Lines to restate from the data below: from the one containing "Gabriela y el loro maya" to the one containing "Ingredienti del risotto", both included. Give them again exactly, and only them.

■ **Source records**
━━━━

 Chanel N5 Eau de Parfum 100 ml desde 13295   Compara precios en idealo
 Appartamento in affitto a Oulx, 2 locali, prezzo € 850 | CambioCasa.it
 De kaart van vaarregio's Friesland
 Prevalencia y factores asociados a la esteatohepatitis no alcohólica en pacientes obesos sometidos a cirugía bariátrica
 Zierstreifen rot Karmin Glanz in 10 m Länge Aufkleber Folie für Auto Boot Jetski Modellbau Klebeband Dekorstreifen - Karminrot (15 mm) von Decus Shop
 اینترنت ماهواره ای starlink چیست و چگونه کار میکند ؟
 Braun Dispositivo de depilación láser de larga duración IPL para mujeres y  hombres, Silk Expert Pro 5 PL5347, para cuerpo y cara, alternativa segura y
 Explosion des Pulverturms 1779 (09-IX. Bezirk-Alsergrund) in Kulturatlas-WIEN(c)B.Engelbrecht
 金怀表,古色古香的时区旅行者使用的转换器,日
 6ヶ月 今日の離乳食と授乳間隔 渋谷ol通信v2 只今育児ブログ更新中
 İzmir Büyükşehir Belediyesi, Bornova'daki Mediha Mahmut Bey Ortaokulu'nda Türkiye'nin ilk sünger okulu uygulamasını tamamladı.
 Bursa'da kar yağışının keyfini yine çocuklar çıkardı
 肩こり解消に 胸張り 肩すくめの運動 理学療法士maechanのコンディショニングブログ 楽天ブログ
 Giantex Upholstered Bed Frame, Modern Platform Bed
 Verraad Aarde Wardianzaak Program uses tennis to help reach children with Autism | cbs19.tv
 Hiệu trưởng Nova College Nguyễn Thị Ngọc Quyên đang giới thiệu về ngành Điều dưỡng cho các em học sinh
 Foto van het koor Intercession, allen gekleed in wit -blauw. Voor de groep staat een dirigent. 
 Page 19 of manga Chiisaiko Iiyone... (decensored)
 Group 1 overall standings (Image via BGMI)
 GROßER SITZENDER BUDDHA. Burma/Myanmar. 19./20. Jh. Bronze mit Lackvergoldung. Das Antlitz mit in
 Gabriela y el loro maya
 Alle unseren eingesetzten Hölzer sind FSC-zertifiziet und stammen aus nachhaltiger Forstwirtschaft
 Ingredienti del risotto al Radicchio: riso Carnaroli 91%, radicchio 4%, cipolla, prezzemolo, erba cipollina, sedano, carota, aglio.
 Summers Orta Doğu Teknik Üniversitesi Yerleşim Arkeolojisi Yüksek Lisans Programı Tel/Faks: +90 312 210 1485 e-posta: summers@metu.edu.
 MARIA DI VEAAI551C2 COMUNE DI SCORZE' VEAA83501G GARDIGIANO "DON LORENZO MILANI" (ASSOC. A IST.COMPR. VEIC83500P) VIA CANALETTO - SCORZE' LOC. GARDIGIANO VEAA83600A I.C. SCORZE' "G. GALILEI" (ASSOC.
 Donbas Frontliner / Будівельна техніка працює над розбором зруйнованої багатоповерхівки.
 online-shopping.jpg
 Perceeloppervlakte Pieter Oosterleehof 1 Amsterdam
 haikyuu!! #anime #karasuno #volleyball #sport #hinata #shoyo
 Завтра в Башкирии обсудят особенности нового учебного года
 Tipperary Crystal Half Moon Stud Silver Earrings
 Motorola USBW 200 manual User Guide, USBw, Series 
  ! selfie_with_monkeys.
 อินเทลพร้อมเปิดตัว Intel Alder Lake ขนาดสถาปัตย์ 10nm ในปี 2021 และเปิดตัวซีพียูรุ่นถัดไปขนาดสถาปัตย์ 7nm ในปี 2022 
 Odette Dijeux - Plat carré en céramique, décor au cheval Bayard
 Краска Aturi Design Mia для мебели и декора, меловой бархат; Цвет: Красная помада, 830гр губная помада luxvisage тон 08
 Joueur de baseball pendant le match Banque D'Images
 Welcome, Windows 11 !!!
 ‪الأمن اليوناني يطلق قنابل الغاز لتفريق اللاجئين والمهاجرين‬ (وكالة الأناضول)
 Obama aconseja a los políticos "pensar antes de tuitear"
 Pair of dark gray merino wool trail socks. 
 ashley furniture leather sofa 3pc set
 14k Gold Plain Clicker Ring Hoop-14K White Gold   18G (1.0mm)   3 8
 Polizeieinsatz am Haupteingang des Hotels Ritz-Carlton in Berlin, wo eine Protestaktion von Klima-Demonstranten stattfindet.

━━━━

■ **Exercise output**
 Gabriela y el loro maya
 Alle unseren eingesetzten Hölzer sind FSC-zertifiziet und stammen aus nachhaltiger Forstwirtschaft
 Ingredienti del risotto al Radicchio: riso Carnaroli 91%, radicchio 4%, cipolla, prezzemolo, erba cipollina, sedano, carota, aglio.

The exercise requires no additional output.